FannieMae will not allow cash-out transactions. Even worse, they will NOT do a new loan that combines an existing first and second. Existing subordinate financing must be re-subordinated. That prevents someone who originally got piggyback financing – two loans instead of one - to pay both of those off with a new, larger loan.

However, FreddieMac will allow cash-out refinance loans to a maximum of 75% LTV and they will allow combining two loans into one new loan. The minimum FICO score is higher for these loans: 720.

Underwriting

All loans require full documentation – i.e. no stated income loans. Traditional guidelines are to be followed, like two years W-2s or tax returns for self-employed borrowers instead of one year's worth. Bank statements for three months are required. All FannieMae loans must be manually underwritten, but FreddieMac will allow use of their automated underwriting program, Loan Prospector.

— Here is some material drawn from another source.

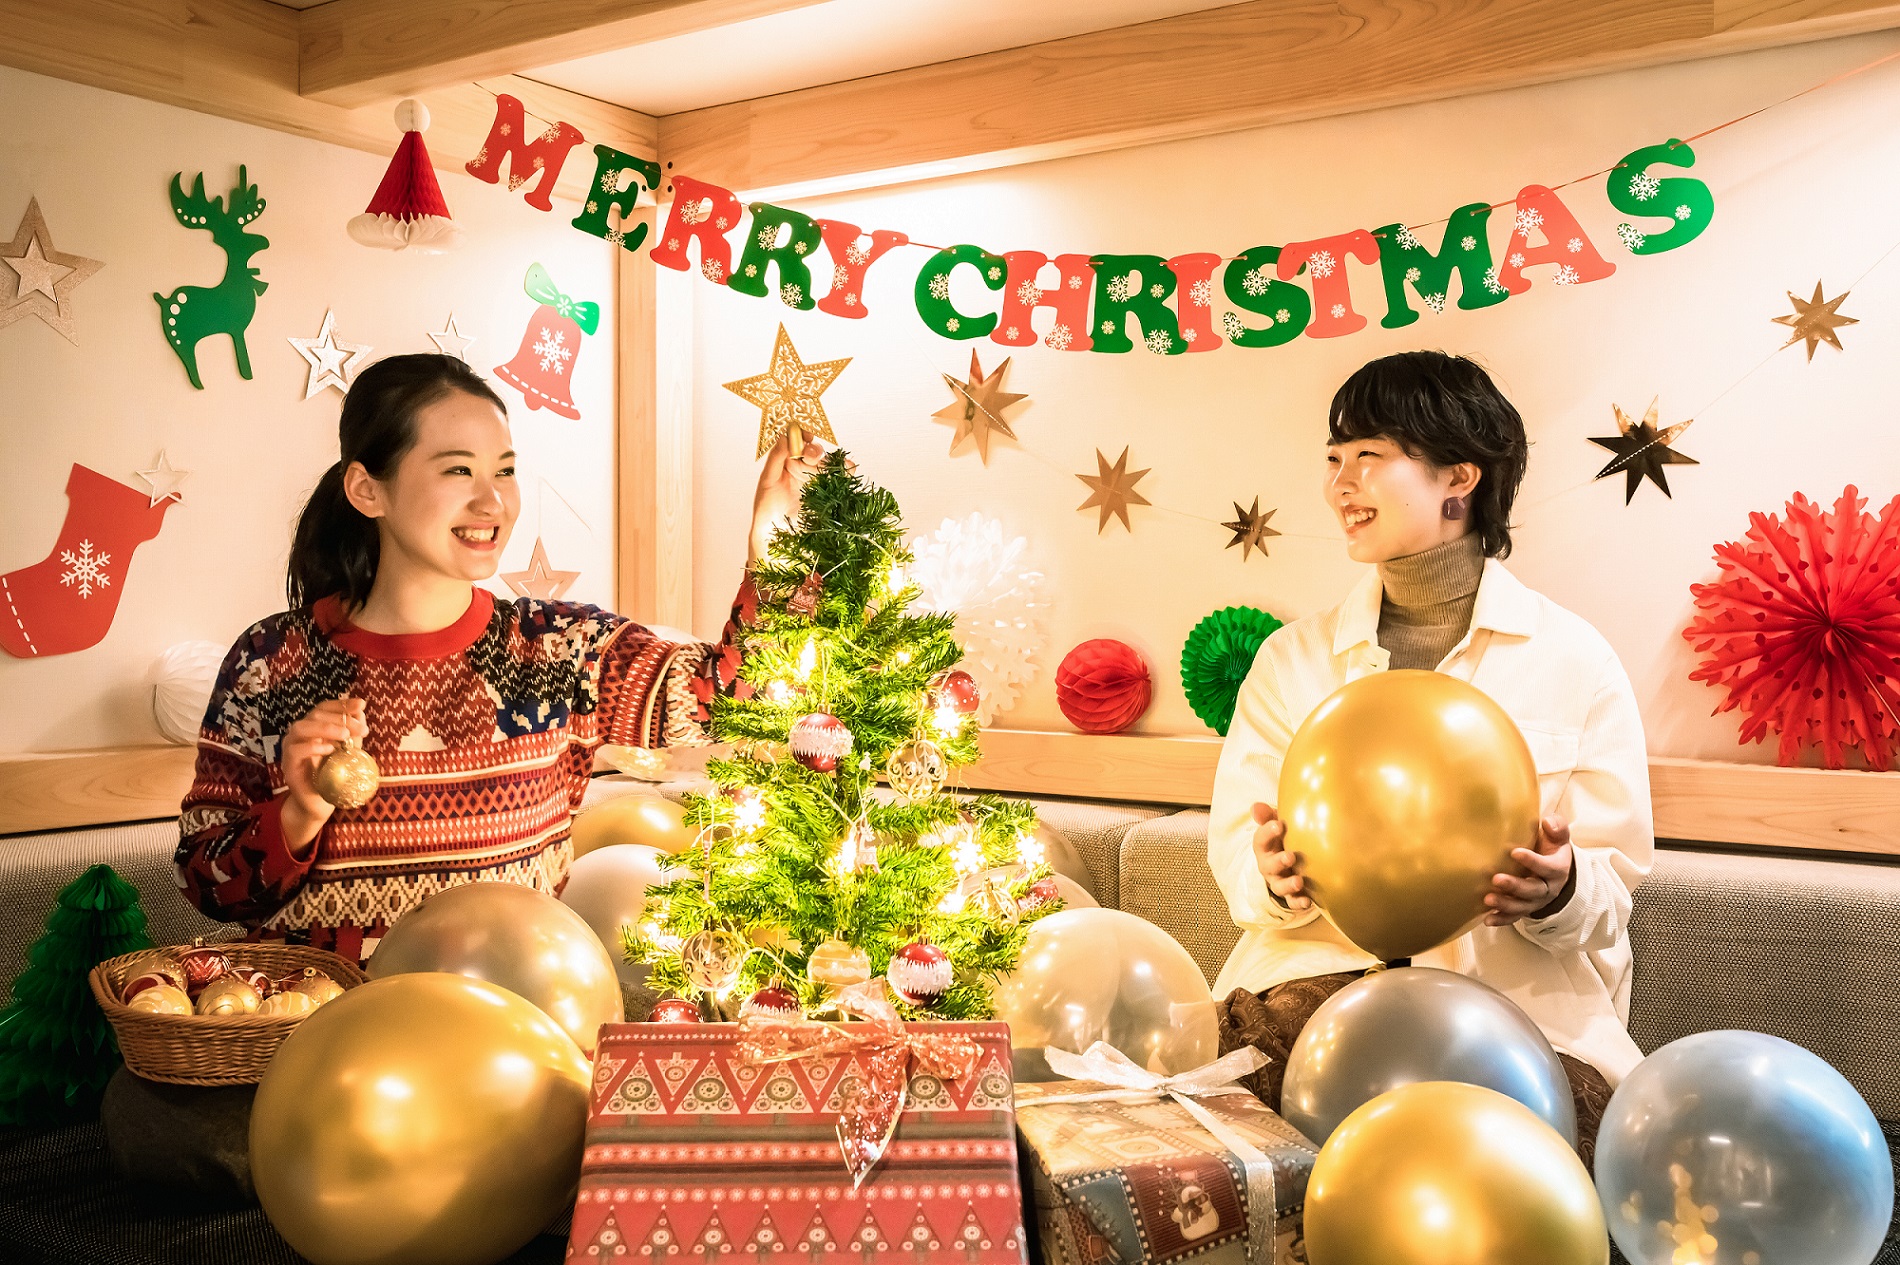 星野リゾート Beb5軽井沢 大人数では無理でも クリスマスパーティーを楽しみたい Bebのこっそり満喫クリスマスステイ 期間 年12月1日 25日 Newscast

On all programs, the maximum Debt to Income ratio is 45% and I suspect that there is no negotiation on this.

Pricing

These loans come at a premium. The one I have locked was .75% (3/4%) higher than the loans under $417,000 on the same day. The rate was 6.375% compared with 5.625%. This is higher than the traditional difference between Conforming and Jumbo rates, but only slightly. It is still significantly better than the "real" Jumbo rates that are so high today – like 8% or 9% - that it makes them effectively useless.

Summary

Obviously, there is an attempt to fill a market need here given that there are a number of areas where there is a need for Jumbo financing. For markets like mine, they will help borrowers get into houses and I hope it will jump-start the real estate market out of the doldrums.

It will also allow refinance transactions in which the borrowers will get significantly lower rates. But if it is not obvious by now, figuring it all out is like stepping through a minefield. If you need a loan like this, choose your lender very carefully because the twits that answer the phones at many lenders will NOT know the correct answers to important, potentially deal-breaking questions.